Federal agents are circling the biggest robbery in the country. The crew is supposed to stay invisible. And here comes a loud car, a rolling confession in custom paint. The Ciforas vanished. Their bodies were never recovered. Richard Eaton became another example of how the Lufthansa money poisoned everything around it.
Eaton was tied to Burke through deals and scams. He became involved in a drug-related fraud and money dispute. His body was later found in a meat truck. Burke was eventually convicted in the Eaton murder, not the Lufthansa robbery. That is the strange irony of Jimmy Burke. The heist made him infamous, but other crimes helped put him away.
The third scheme was laundering. The opportunity was obvious. Millions in stolen cash cannot just walk into a bank. The inside connection was a network of parking lots, clubs, fences, bookmakers, and trusted associates. The execution was gradual. Spend carefully. Move cash through businesses. Pay debts. Buy goods. Hide shares.
The money had to be cleaned without creating bright red flags. The problem was human nature. Men who steal millions rarely behave like monks. They brag. They spend. They panic. They demand. They disappear. Stacks was dead before most of that unraveling became public, but his death set the tone.
The crew learned that Burke would not negotiate with fear. He would shoot it. That created silence, but not peace. Because when everyone sees the first man killed, everyone else understands they might be next. Law enforcement had a different problem. They knew the heist was too big for ordinary thieves.
They knew the airport rackets. They knew Burke’s world. They had the van. They had names. But knowing and proving are different things. Witnesses were scared. Participants were dying. The stolen cash was gone. The one man who was eventually convicted in connection with the heist was Louis Werner, the inside man. Burke was not convicted for Lufthansa.
Vario was not convicted for Lufthansa. The legend grew partly because the central players seemed to beat the case even while the bodies stacked up around them. That is why Stax matters. He is often remembered as a punchline because of Goodfellas. The guy who failed to get rid of the van. The guy sleeping when he should have been working.
But real history is colder than a movie scene. Stax was a human being with a name, a mother, a life before that apartment, and a reputation that was more complicated than one mistake. He had music in his story. He had boxing circles in some accounts. He had street intelligence.

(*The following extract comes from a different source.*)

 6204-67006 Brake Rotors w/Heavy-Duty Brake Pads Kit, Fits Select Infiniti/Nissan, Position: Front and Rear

He also had addiction and bad judgment. All of those things can be true at the same time. And the mafia exploited every weakness. Burke’s world did not forgive because forgiveness had no profit. If Stax had destroyed the van, maybe he still would have died. That is the uncomfortable possibility. After Lufthansa, Burke allegedly removed people not only for mistakes, but for greed, fear, noise, and convenience.

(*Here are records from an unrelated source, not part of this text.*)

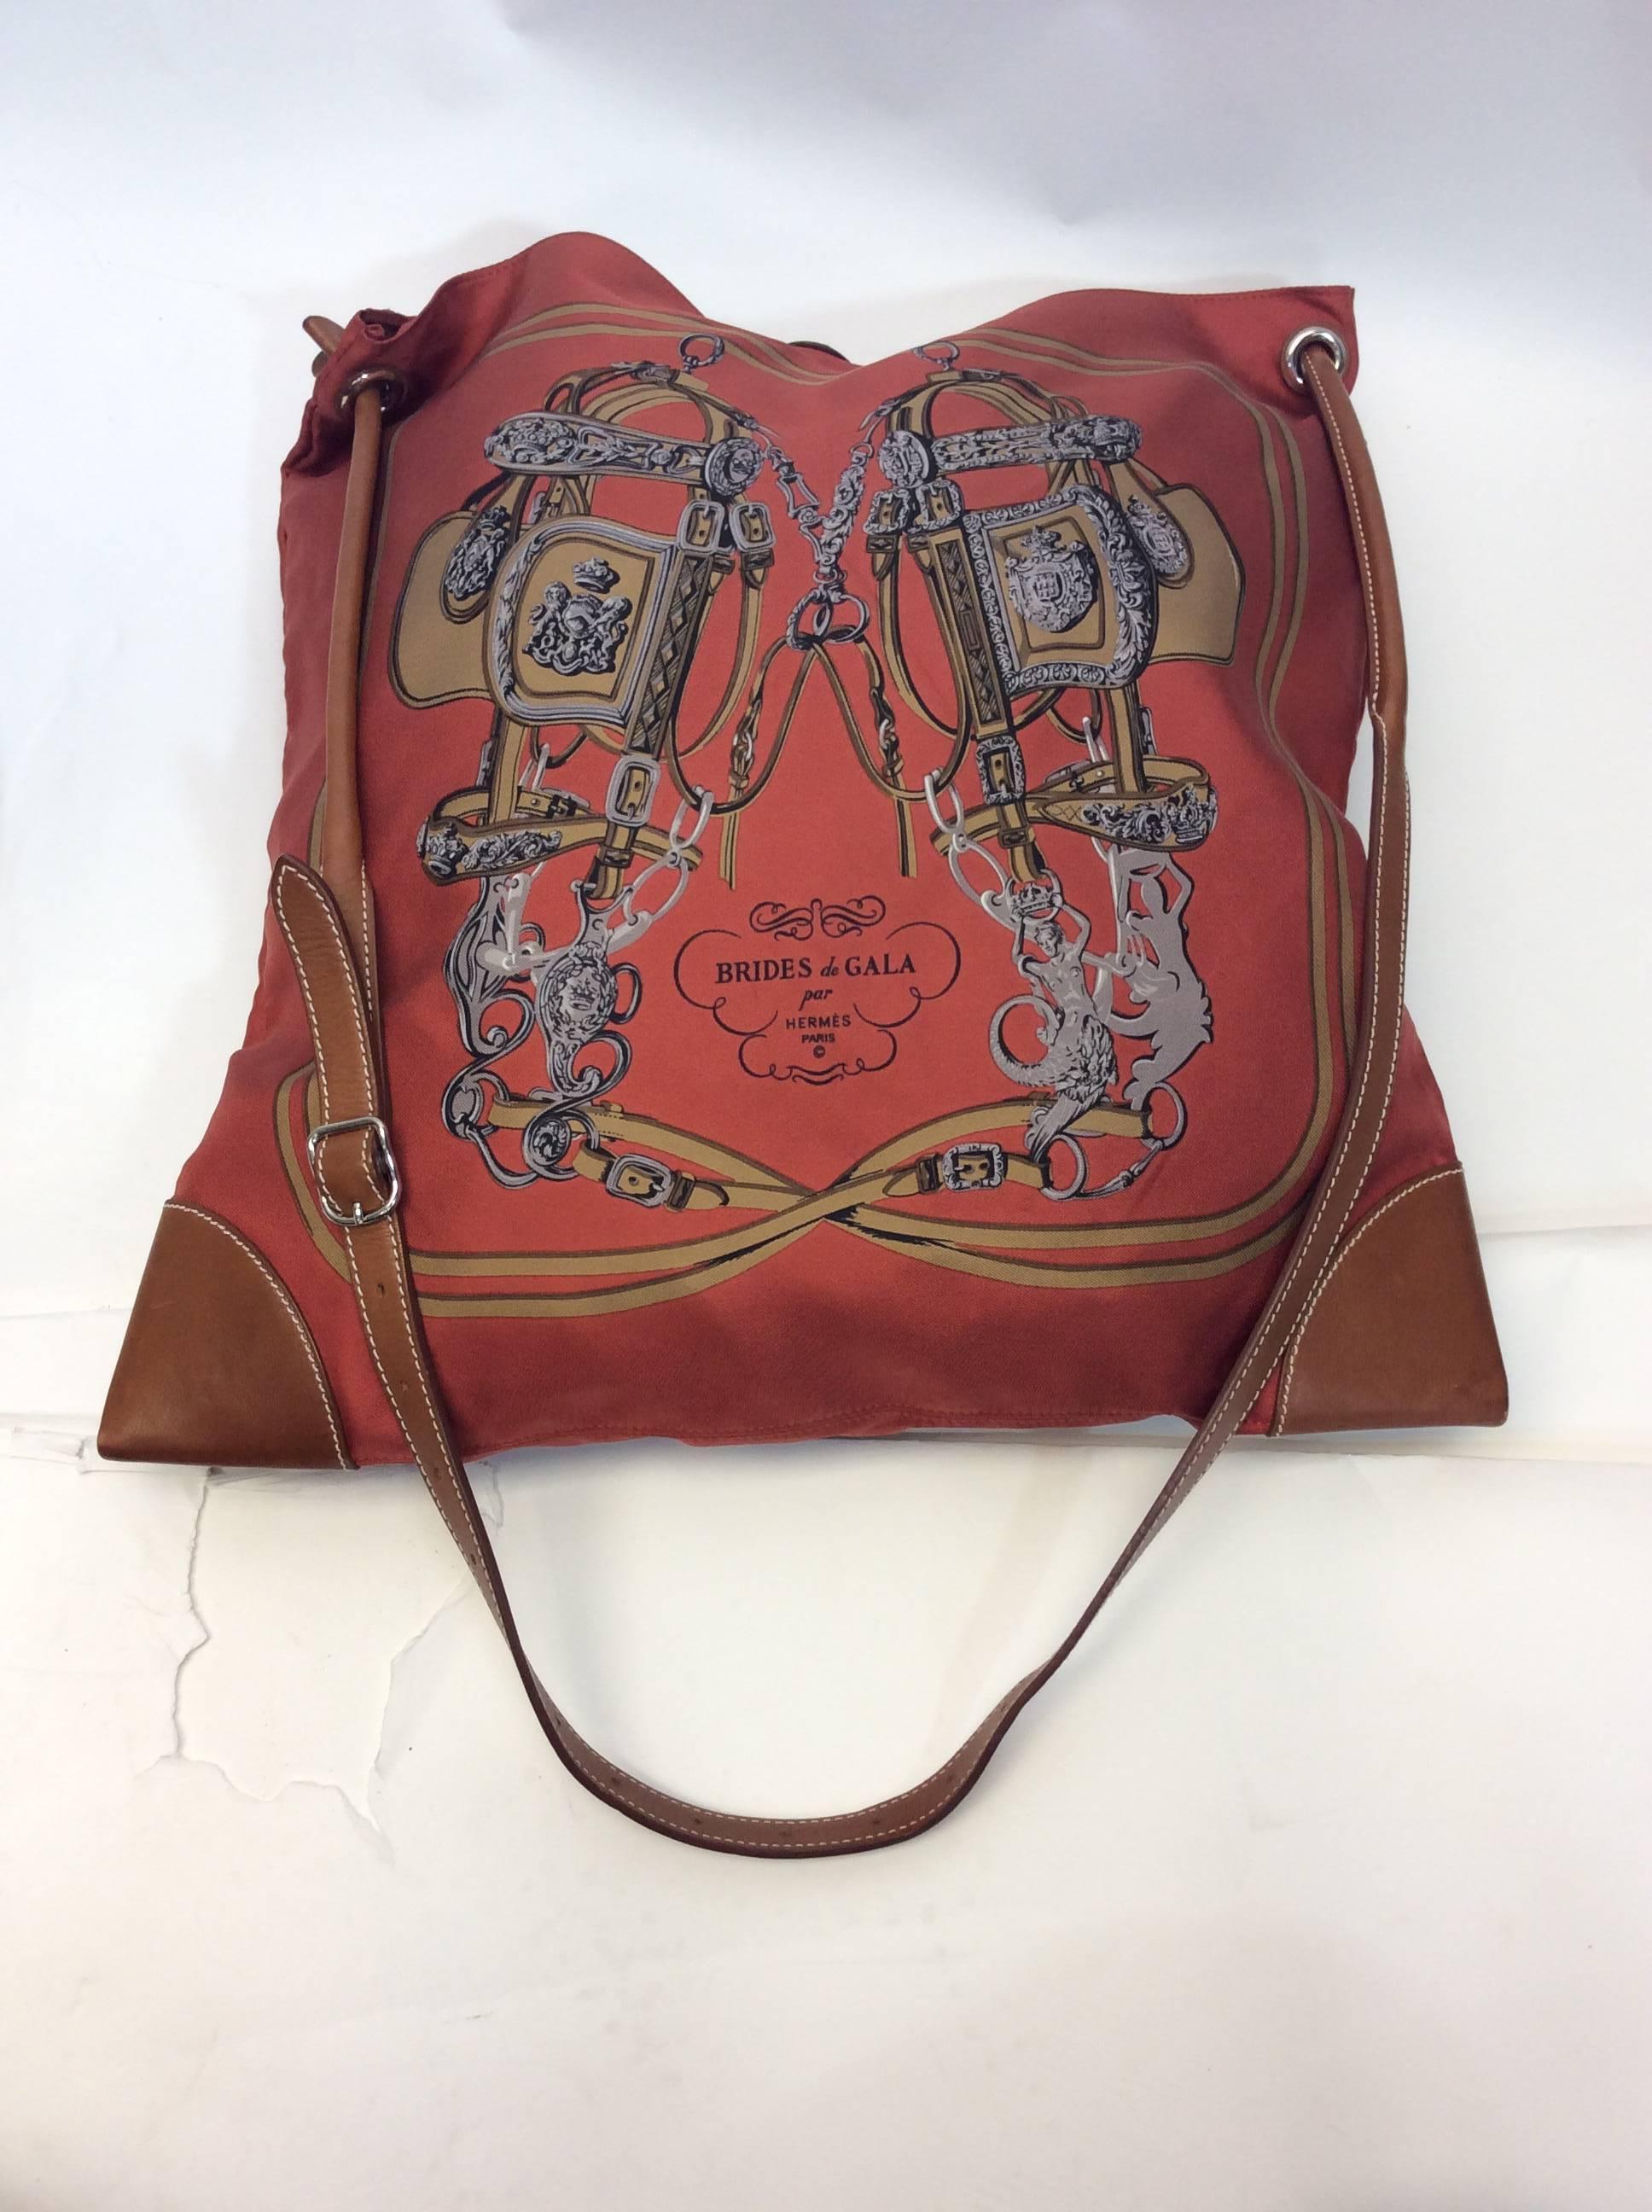 Hermes Silky City Silk And Leather Crossbody
Brides De Gala silk print
Open top closure 
Strap drop: 17 inches
Made in France
$999

Stax may have been first because he made the easiest case against himself. But the pattern suggests something bigger. The heist money created a purge. By the early 1980s, the legal pressure finally reached key figures through other cases. Henry Hill became a government witness after his own drug problems, and fear of Burke’s wrath pushed him toward cooperation.
His testimony helped bring cases connected to other crimes, including the Boston College point-shaving scandal. Jimmy Burke went to prison, and later received more time for the Richard Eaton murder. He died in prison in 1996. Paul Vario also died behind bars. Tommy DeSimone did not live long, either.

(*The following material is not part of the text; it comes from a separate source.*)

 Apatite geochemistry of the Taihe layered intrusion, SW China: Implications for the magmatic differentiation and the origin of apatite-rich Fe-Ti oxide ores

He disappeared in 1979. The underworld has its own way of closing accounts. The Lufthansa money was never fully recovered. Think about that. Millions stolen, bodies left behind, families destroyed, decades of investigation. Movies, books, documentaries, trials, indictments, and still the cash mostly vanished into the bloodstream of organized crime.
That is the seductive lie of the perfect score. For one night, the crew beat the system. For the rest of their lives, they were hunted by the consequences.